Vietnamese state media did not acknowledge the death for several days before stating that it would investigate. An indefinite postponement was announced in Tan's trial.

The US Embassy in Vietnam stated that it was "concerned and saddened" by the news, and reiterated its calls for the bloggers' release. The US-based Committee to Protect Journalists called Lieng's death "a shocking reminder that Vietnam's campaign against bloggers and journalists exacts an unbearable emotional toll on the individuals involved." Human Rights Watch called on the international community to address the underlying human rights situation, stating, "This is not just a tragedy for one family. This is a tragedy for the whole country."

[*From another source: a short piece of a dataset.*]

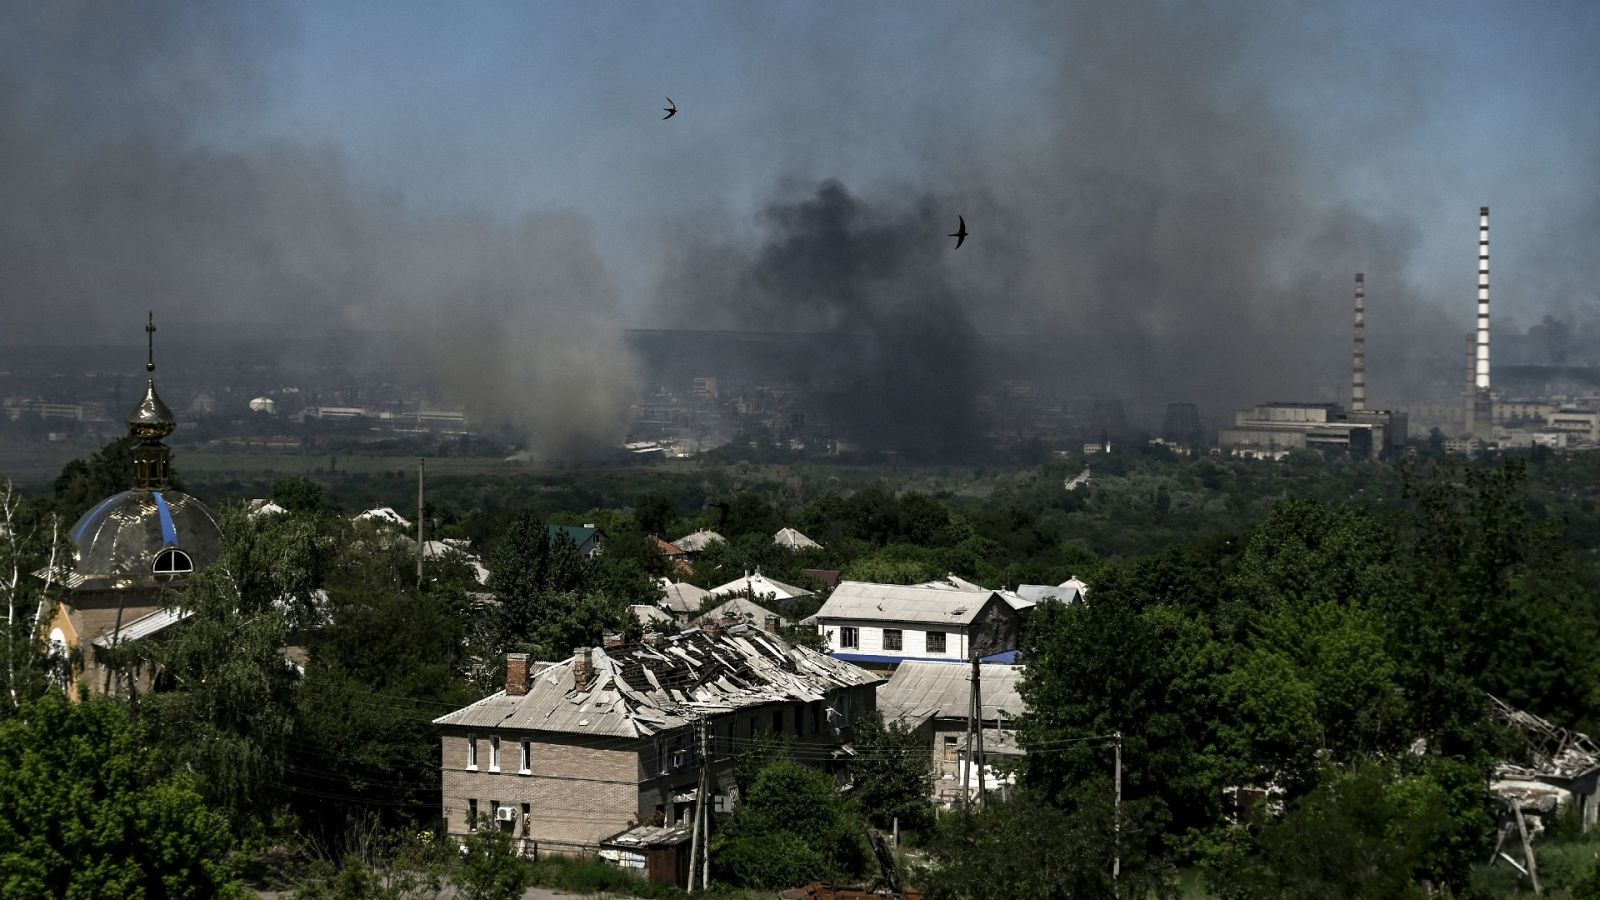 Edificios dañados en la ciudad de Lisichansk. Al fondo, el humo se eleva sobre la ciudad cerca de Severodonetsk, ambas en la región de Donetsk, este de Ucrania. Foto: ARIS MESSINIS / AFP

A large number of mourners journeyed to Lieng's home to pay respects in the week following her death, though many were reportedly intercepted on the roads by state security forces. The government also placed Lieng's mourners under surveillance by plainclothes police officers.

== Sentence ==
On 24 September 2012, Tạ Phong Tần was sentenced to ten years in prison in a one-day hearing that The Economist compared to a Soviet Union show trial. Prosecutors stated that the three had "distorted the truth about State and Party, created anxiety among citizens and supported schemes to overthrow the government", and the court found that they were "seriously affecting national security and the image of the country in the global arena." Phan Thanh Hai, who had pleaded guilty, was sentenced to four years' imprisonment, and Nguyen Van Hai to twelve years. The sentences were upheld by an appeals court on 28 December 2012. In 2013, the U.N. Working Group on Arbitrary Detention found Tan's detention to violate several articles of the Universal Declaration of Human Rights and the International Covenant on Civil and Political Rights.

== Awards ==
In December 2012, Tạ Phong Tần was one of 41 people to win a Hellman/Hammett award from Human Rights Watch, which recognizes writers suffering from political persecution. In December 2012, Tần, together with Phạm Thanh Nghiên and Huỳnh Thục Vy, was awarded Vietnam Human Rights Award from Vietnam Human Rights Network. In 2013, she was named a winner of the International Women of Courage Award of the US State Department. In the ceremony on International Women's Day, US Secretary of State John Kerry said of her, "For her dedication to continually demanding a better government for her people, for her willingness to take risks for her beliefs, and for her life experience and skills as a writer that serve as an inspiration to women in Vietnam, Tạ Phong Tần is a 2013 woman of courage."

== Personal life ==
Her conversion to Catholicism began due to a case where she defended 8 Thái Hà parishioners from Hanoi, after that case she began to get involved with the Redemptorists and other Catholics, being baptized on June 14, 2009 at Kỳ Đồng Church with the Christian name of Mary.